Edgar se sentía tan mal que vomitaba la mayoría de comida que injería. Estaba muy satisfecho de su trabajo. Sentía una mezcla de tristeza suicida horrorosa y de felicidad cruel. Se le formaron rojas ojeras y se le hundieron aún más los ojos. Su pelo perdió todo el color y sus huesos se abrían paso a través de la delgada carne.
-Un poco más… -Siseó entre dientes con una voz profunda y frágil.

El agonizante vagabundo llegó por fin a la ciudad más transitada del continente.
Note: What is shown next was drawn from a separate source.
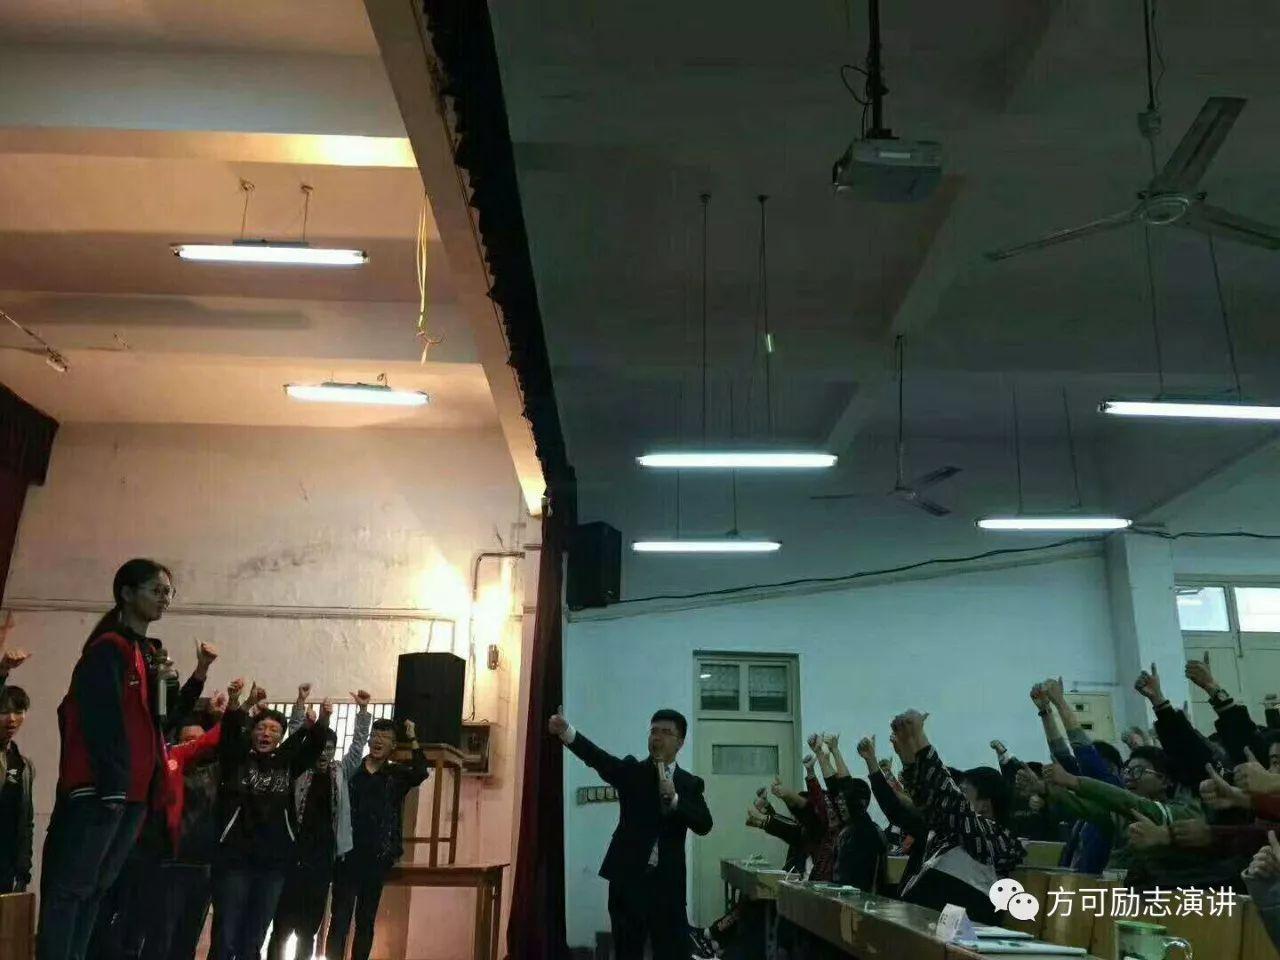 10月20日湖北省黄冈市启黄中学罗帅磊老师大型励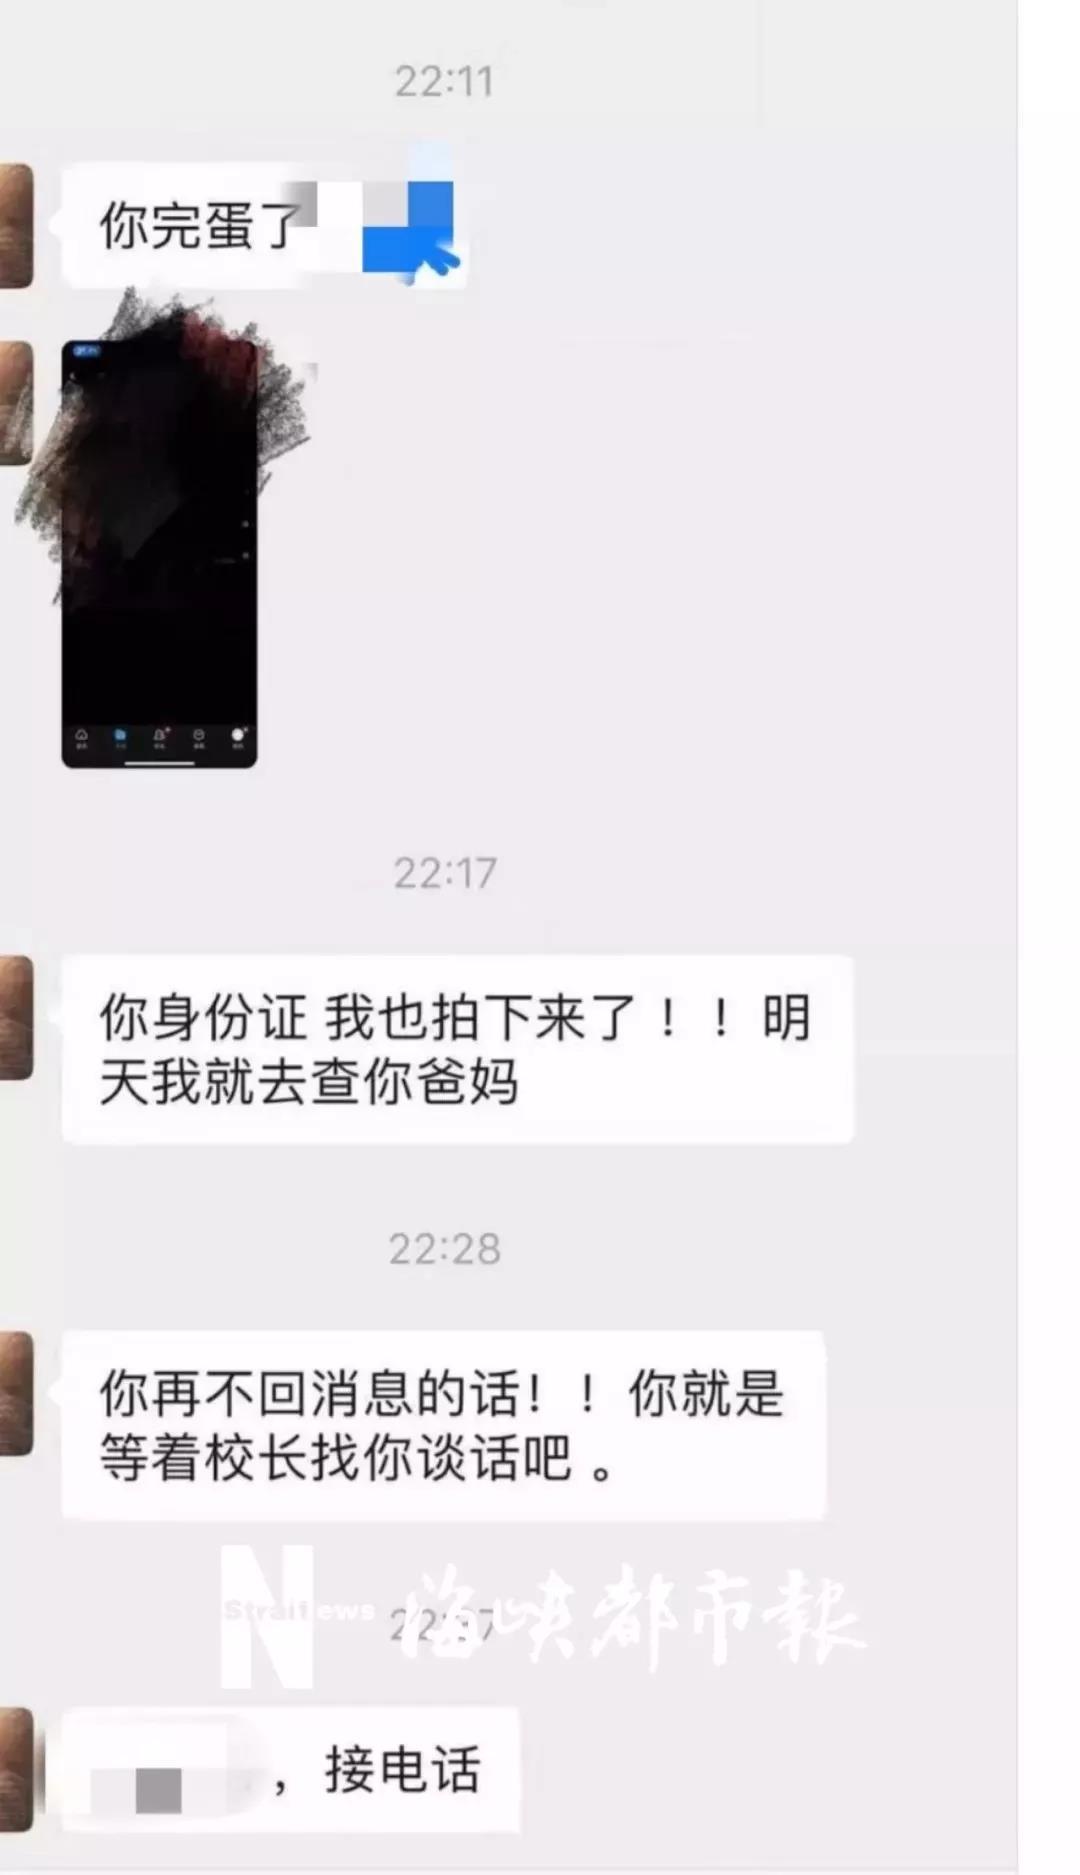 新华每日电讯:女生疑遭前男友曝私照自杀,谴责受害者合适吗

Utilizó la gran mayoría de sus ingresos para pagar el viaje más rápido posible a sabiendas de que podría morir en el transcurso del camino. Se posicionó en el centro mismo de la ciudad, alzó los brazos y expulsó toda la tristeza acumulada durante tanto tiempo que ni el propio tiempo lo recuerda.

El cielo se ennegreció y las nubes se tornaron violentas, algunos hogares empezaron a arder y a medida que Edgar caminaba, feliz, se iba topando con cadáveres de todas las edades y cuya causa de muerte era más original a cada cuál. Edgar recuperó la sonrisa, las ojeras desaparecieron y su pelo adquirió un tono aún más oscuro que cuando Priscilla vivía. Edgar pudo oír cómo un herrero se golpeaba el cráneo con su martillo y vio a un guarda clavándose con las manos una flecha en el pecho. La desesperación reinaba y Edgar era el rey.

Un muchacho muy joven se resistía a abandonarse al dolor. Se mostraba turbado y permanecía sentado junto al cadáver de lo que debieron de ser una vez sus padres. Edgar se acercó lentamente a él esquivando el cuerpo de un infante decapitado por su madre, que acabó con su vida degollándose con el mismo cuchillo.
-Jovencito, ¿a qué esperas para abandonar el sufrimiento?
El joven no alzó la cabeza. Clavó la mirada en la tierra. –Padre me decía que siempre hay una razón para vivir. La estoy intentando encontrar.
-“Padre” está muerto. –Sonrió. Edgar le tendió el cuchillo de la mujer que estaba a sus pies. –Ve con él.

Edgar el sembrador del caos no quiso volverse a comprobar qué hacía el muchacho porque oyó el dulce sonido de la carne al sangrar. Abandonó la ciudad a paso firme y se asentó en la posada que había en el exterior de la misma. Apartó el cadáver de la cama de la habitación más grande y se tumbó en ella, radiante.

“Aún no te voy a hacer compañía, querida”.